정의;효과적으로 Receptive Field를 키우고 그로 인해 정보 집약 효과가 극대화가 되고 필터 사이즈는 0입니다.
특징: 가장 큰 대표영역 뽑고 나머지는 무시합니다.

왜 MAX POOLING는 Accuracy 저하X

translational invariance효과

: 시프트 효과가 일어나도 동일한 특징을 안정적으로 잡아내어서 오버피팅 방지 및 안정적인 특징 추출 효과

비선형 함수가 갖고 있는 추출 효과를 가짐

: 하위 레이어의 연산 결과는 무시하나 상위 레이어 추출하여 올려서 성능 증진.

Receptive Field 극대화.

: 레이어를 많이 쌓으면 오버피팅, 연상량 증가, 기울기 손실등의 문제가 발생하지만 그것을 해결함.

Deconvolution Layer

Auto Encoder

정의: Convolution결과를 역재생하여 원본 복원
만드는 순서

import 패키지 and load MNIST Dataset

## 이미지 복원을 할 것이기 때문에 y_train, y_test를 사용하지 않고
## x_train의 라벨이 x_train자신이 된다.

import numpy as np
from tensorflow.python.keras.layers import Input, Dense, Conv2D, MaxPooling2D, UpSampling2D
from tensorflow.python.keras.models import Model
from tensorflow.python.keras.datasets import mnist
import json
import matplotlib.pyplot as plt #for plotting

# MNIST 데이터 로딩
(x_train, _), (x_test, _) = mnist.load_data()    # y_train, y_test는 사용하지 않습니다.

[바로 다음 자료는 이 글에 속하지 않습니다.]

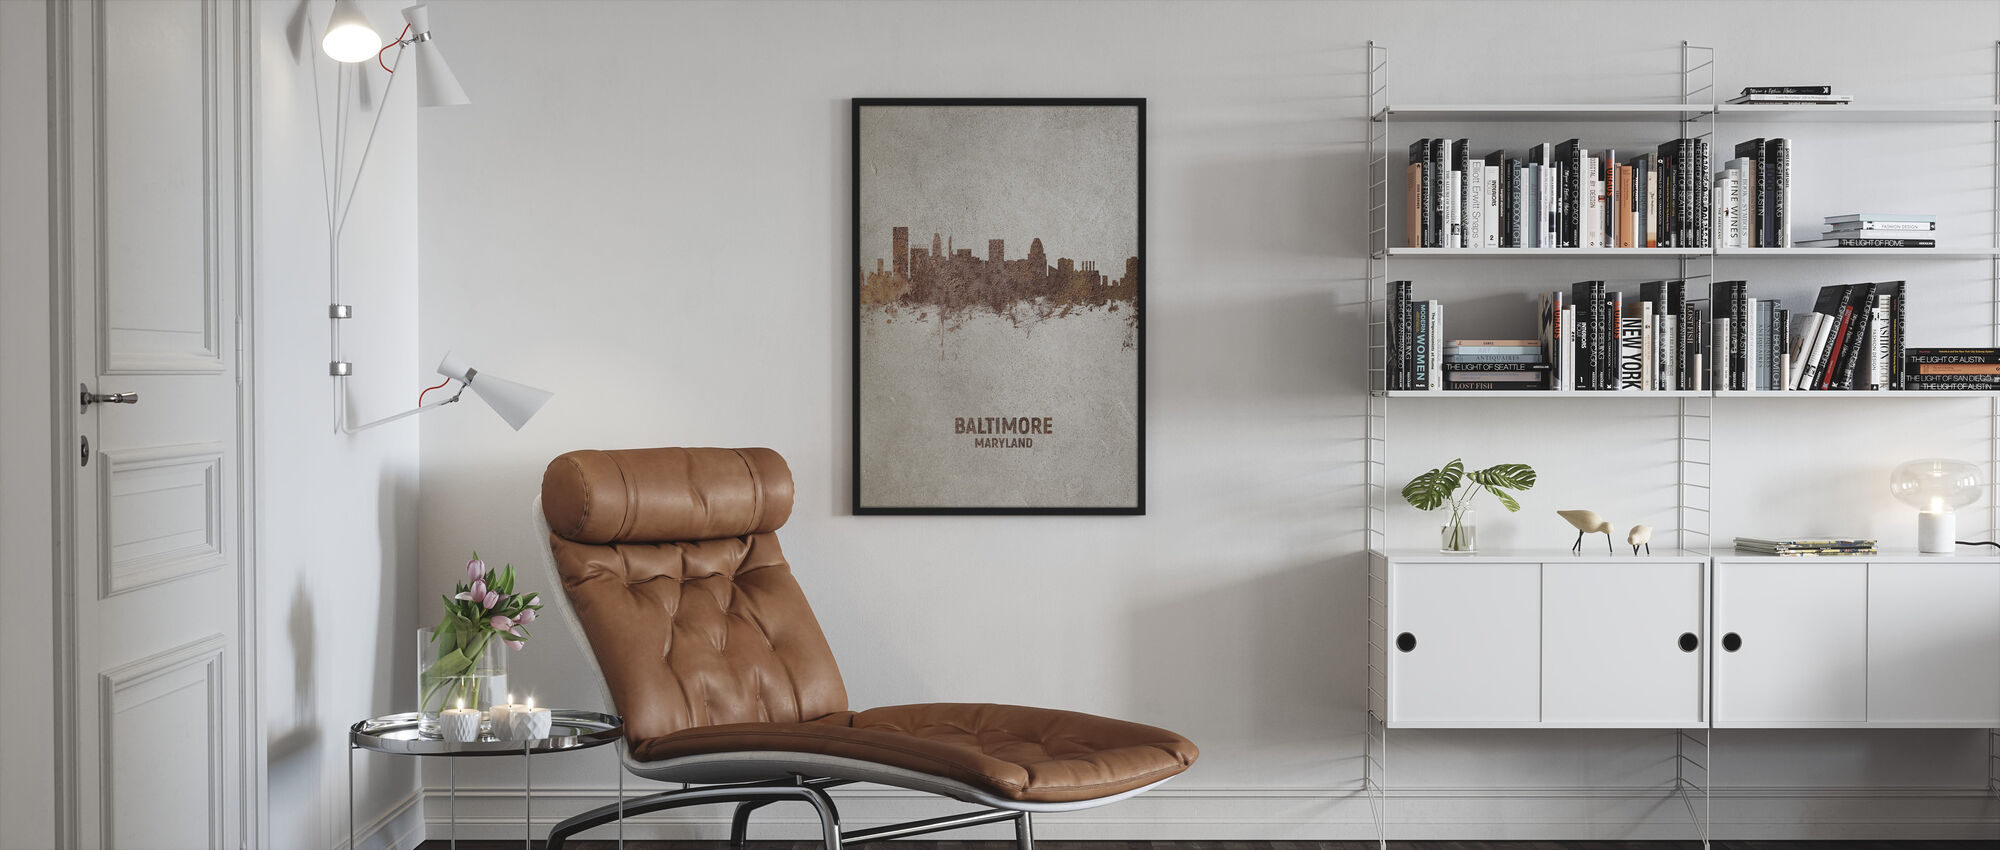 Baltimore Maryland Rust Skyline - Innrammet bilde - Stue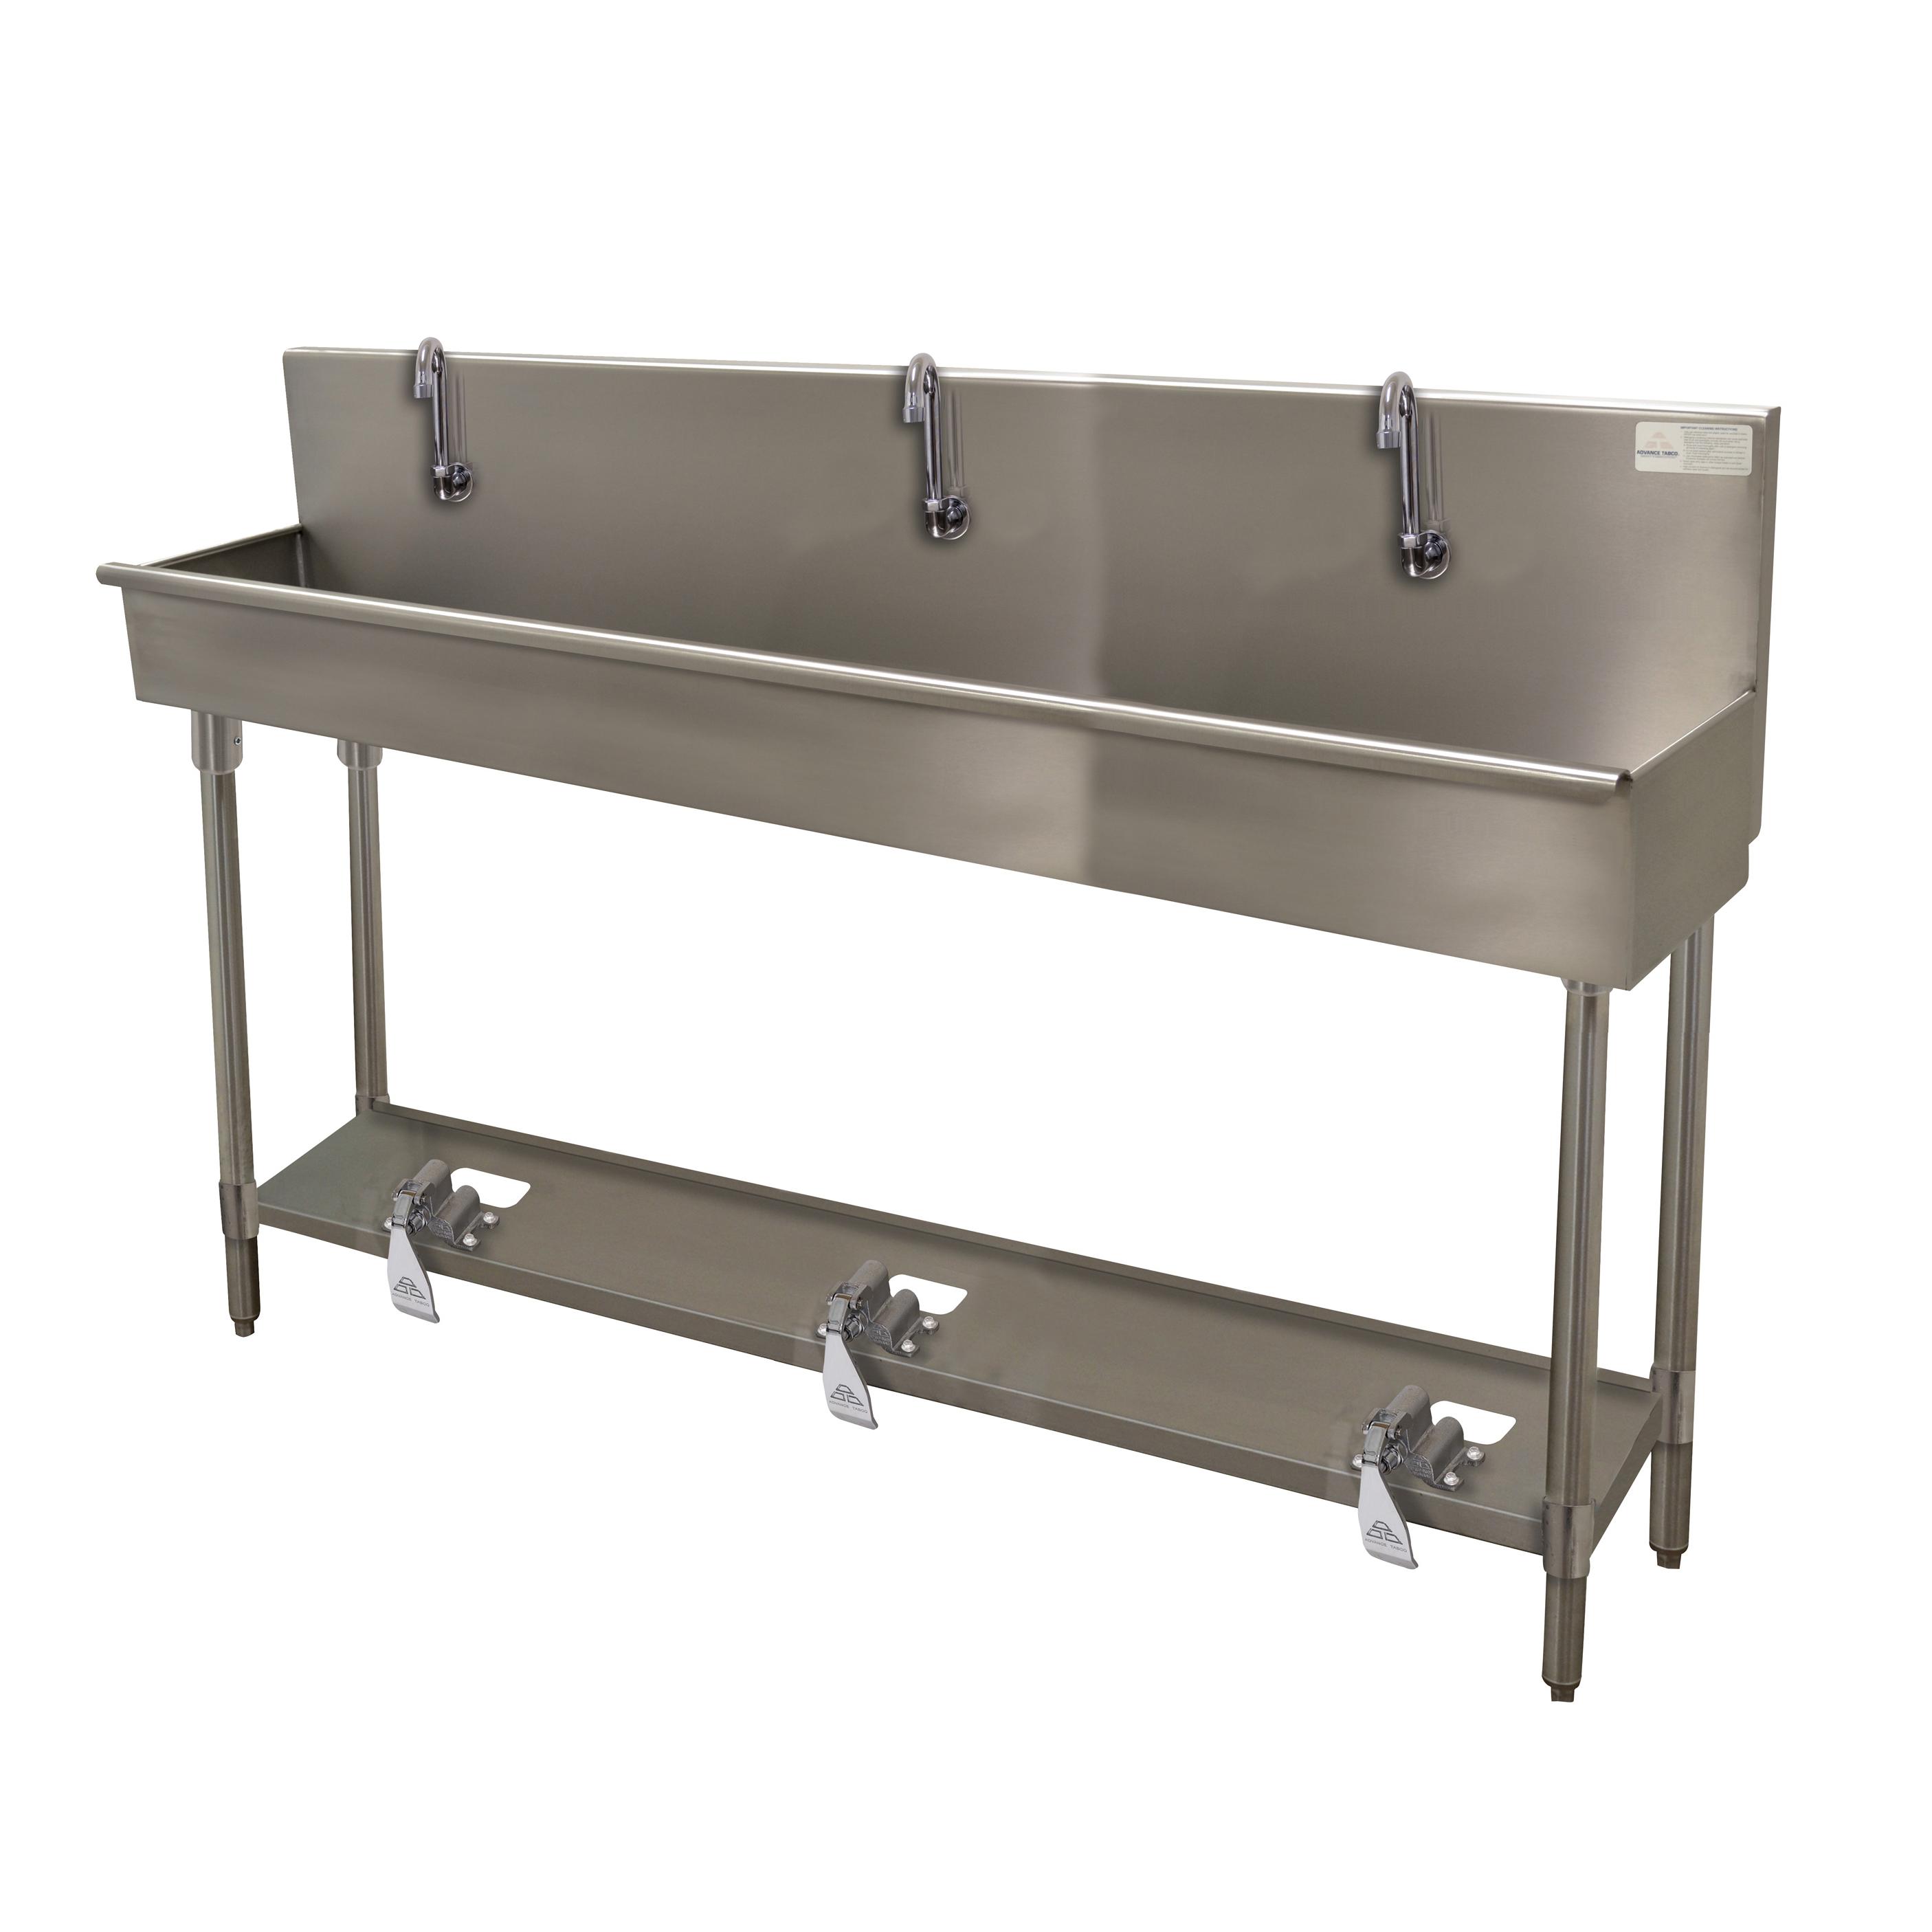 Advance Tabco 19-FM-60FV sink, hand

x_train = np.expand_dims(x_train, axis=3)
x_test = np.expand_dims(x_test, axis=3)

x_train = x_train.astype('float32') / 255.
x_test = x_test.astype('float32') / 255.

Auto Encoder Model 구성

# 모델 구성

# AutoEncoder 모델 구성 - Input 부분
input_shape = x_train.shape[1:]
input_img = Input(shape=input_shape)

# AutoEncoder 모델 구성 - Encoder 부분
encode_conv_layer_1 = Conv2D(16, (3, 3), activation='relu', padding='same')
encode_pool_layer_1 = MaxPooling2D((2, 2), padding='same')
encode_conv_layer_2 = Conv2D(8, (3, 3), activation='relu', padding='same')
encode_pool_layer_2 = MaxPooling2D((2, 2), padding='same')
encode_conv_layer_3 = Conv2D(4, (3, 3), activation='relu', padding='same')
encode_pool_layer_3 = MaxPooling2D((2, 2), padding='same')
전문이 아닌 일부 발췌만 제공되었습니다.